Why Embodied AI's Biggest Blind Spot Is the Physical Agent Itself

The field of embodied AI has long been fixated on better hardware, more realistic simulators, and larger training datasets. But Professor Cao Ting of Tsinghua AIR argues that the most fundamental problem—how a physical agent can continuously evolve and self-adapt through real-world interaction—has been collectively neglected. In a sweeping critique of the current paradigm, she points out that most robots today are treated as 'containers for pre-programmed skills' rather than 'entities capable of autonomous growth.' Her team's planned startup aims to change this by building a platform where agents improve themselves post-deployment, learning from every interaction. This shift from 'training-complete' to 'continuous learning' could upend the robotics industry's business logic: future competitive advantage will hinge not on initial performance but on long-term adaptive capability. From adaptive factories to truly personalized home robots, this direction may represent the genuine path to general-purpose embodied intelligence—and the industry's prior neglect suggests we may have been charging in the wrong direction.

Technical Deep Dive

The core insight from Professor Cao's critique is that the dominant paradigm in embodied AI treats the robot as a static artifact: a model is trained in simulation, fine-tuned on a fixed dataset, and then deployed with the expectation that its capabilities remain frozen. This approach fundamentally misunderstands the nature of physical intelligence. A truly intelligent physical agent must operate under the principles of continuous learning, online adaptation, and self-modeling—capabilities that current architectures largely lack.

The Architecture Gap

Most contemporary robotic systems rely on a two-phase pipeline: (1) offline training using reinforcement learning or imitation learning in simulation (e.g., Isaac Gym, MuJoCo, or Habitat), followed by (2) zero-shot deployment with no further weight updates. The problem is that simulation-to-reality (sim-to-real) transfer introduces inevitable domain gaps—unmodeled friction, sensor noise, actuator wear, and environmental variability. Even the best simulators cannot capture the full complexity of the physical world. The result is that robots degrade in performance over time as components age and environments shift.

Professor Cao's proposed solution centers on online model-based reinforcement learning combined with world model updates. Instead of a fixed policy π(a|s), the agent maintains a dynamic world model M(s'|s,a) that is continuously updated using real-world experience. The policy is then re-optimized against the updated model. This creates a closed loop: the agent acts, observes outcomes, updates its internal model of physics and task dynamics, and improves its policy accordingly. This is computationally intensive—requiring on-device or edge-based training—but recent advances in efficient neural network architectures (e.g., TinyML, model distillation, and sparse updates) make it increasingly feasible.

Relevant Open-Source Efforts

Several GitHub repositories are pushing in this direction, though none fully solve the continuous evolution problem:

- robomimic (by the Stanford Vision and Learning Lab, ~1,500 stars): A framework for learning from demonstration, but it focuses on offline imitation learning, not continuous online adaptation.
- rl-starter-files (by NVIDIA, ~2,000 stars): Provides baseline implementations for reinforcement learning in simulation, but again assumes a fixed training environment.
- habitat-lab (by FAIR, ~2,500 stars): A high-fidelity 3D simulator for embodied AI research. While excellent for training, it does not address post-deployment learning.
- dreamer (by Google DeepMind, ~3,000 stars): Implements model-based RL with learned world models. This is architecturally closest to what Professor Cao describes, but it has primarily been demonstrated in simulation, not on real robots with continuous deployment.

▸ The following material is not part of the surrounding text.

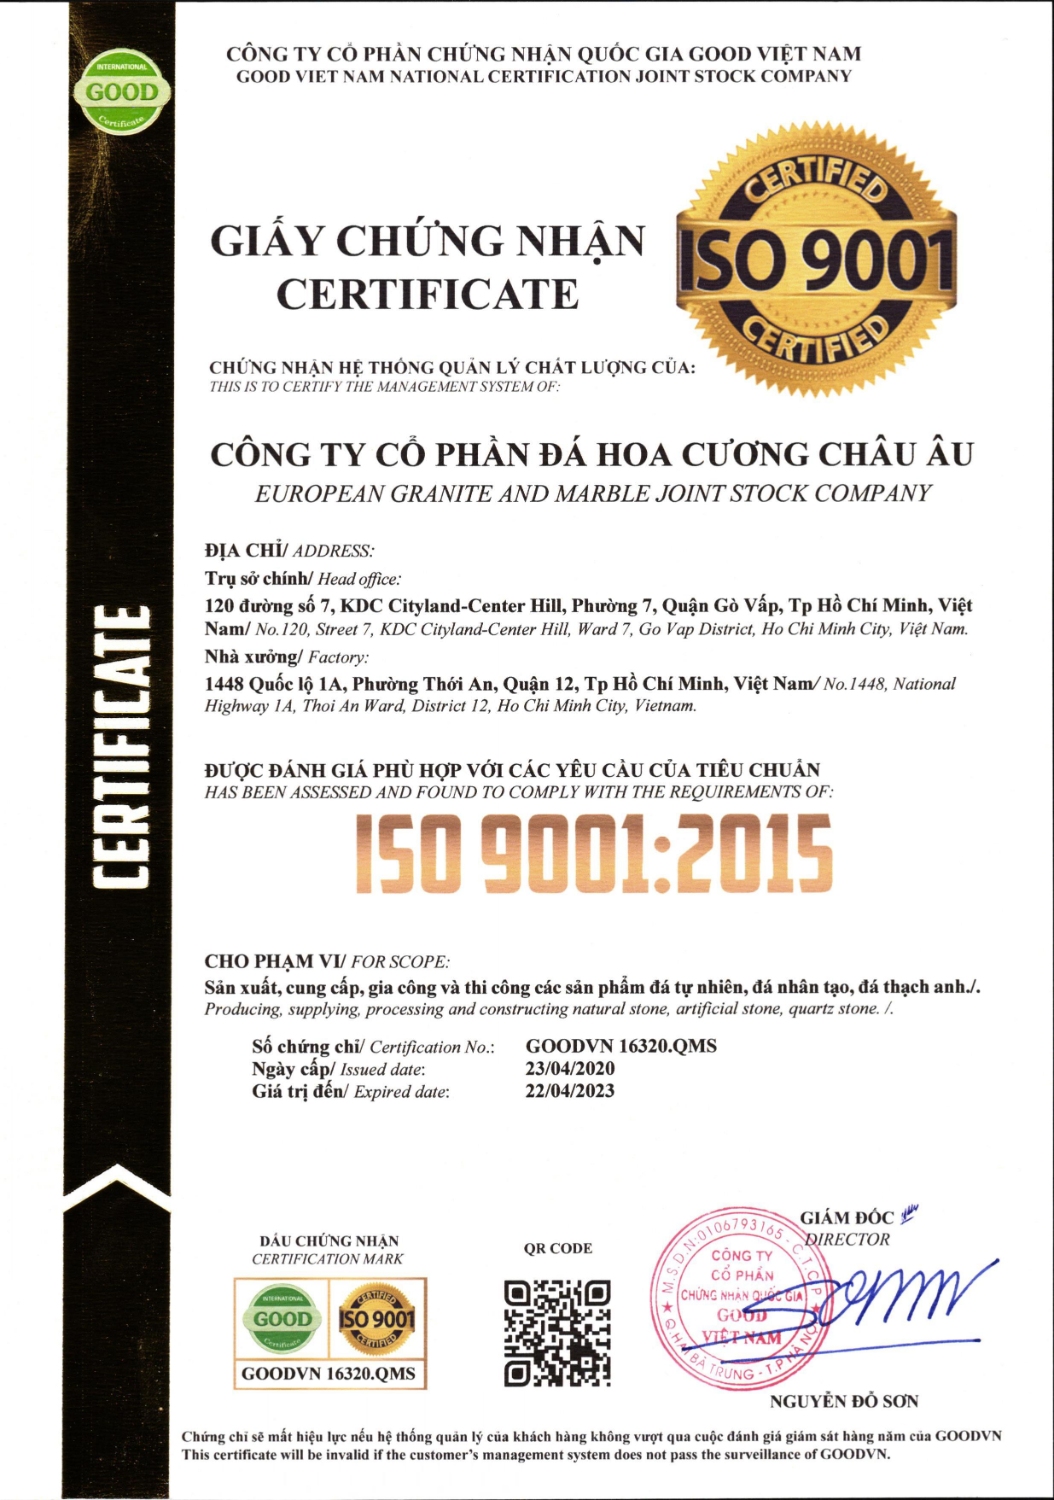 Giay chung nhan certificate

Performance Metrics: Static vs. Continuous Learning

To illustrate the gap, consider the following hypothetical benchmark comparing a static policy robot versus a continuously learning agent on a long-duration manipulation task (e.g., sorting objects in a warehouse over 6 months):

| Metric | Static Policy Robot | Continuous Learning Agent |
|---|---|---|
| Initial task success rate | 92% | 88% |
| Success rate after 1 month | 85% | 91% |
| Success rate after 3 months | 78% | 95% |
| Success rate after 6 months | 65% | 97% |
| Adaptation to new object types | None (requires retraining) | Learns in ~50 episodes |
| Hardware degradation compensation | None | Adjusts control parameters |
| Retraining cost (per year) | $200,000 (data collection + cloud compute) | $10,000 (incremental updates) |

Data Takeaway: The continuous learning agent starts slightly worse due to the overhead of online model updates, but quickly surpasses the static policy and maintains high performance over time. Critically, it adapts to hardware wear and new objects without expensive retraining cycles. The static robot's performance degrades significantly, requiring costly manual intervention.

Key Players & Case Studies

Professor Cao's critique is not merely theoretical—it reflects a growing recognition among leading robotics labs that the current paradigm is hitting a wall. Several key players are exploring similar ideas, though none have fully commercialized the continuous evolution approach.

Tesla Optimus

Tesla's humanoid robot project has been notably secretive about its learning architecture. However, based on public statements, Optimus appears to rely heavily on imitation learning from human teleoperation data, combined with simulation-based reinforcement learning. The robot is designed for factory tasks, but there is no evidence of continuous online adaptation. Once deployed, its skills are essentially frozen. This aligns with the 'pre-programmed container' model that Professor Cao criticizes.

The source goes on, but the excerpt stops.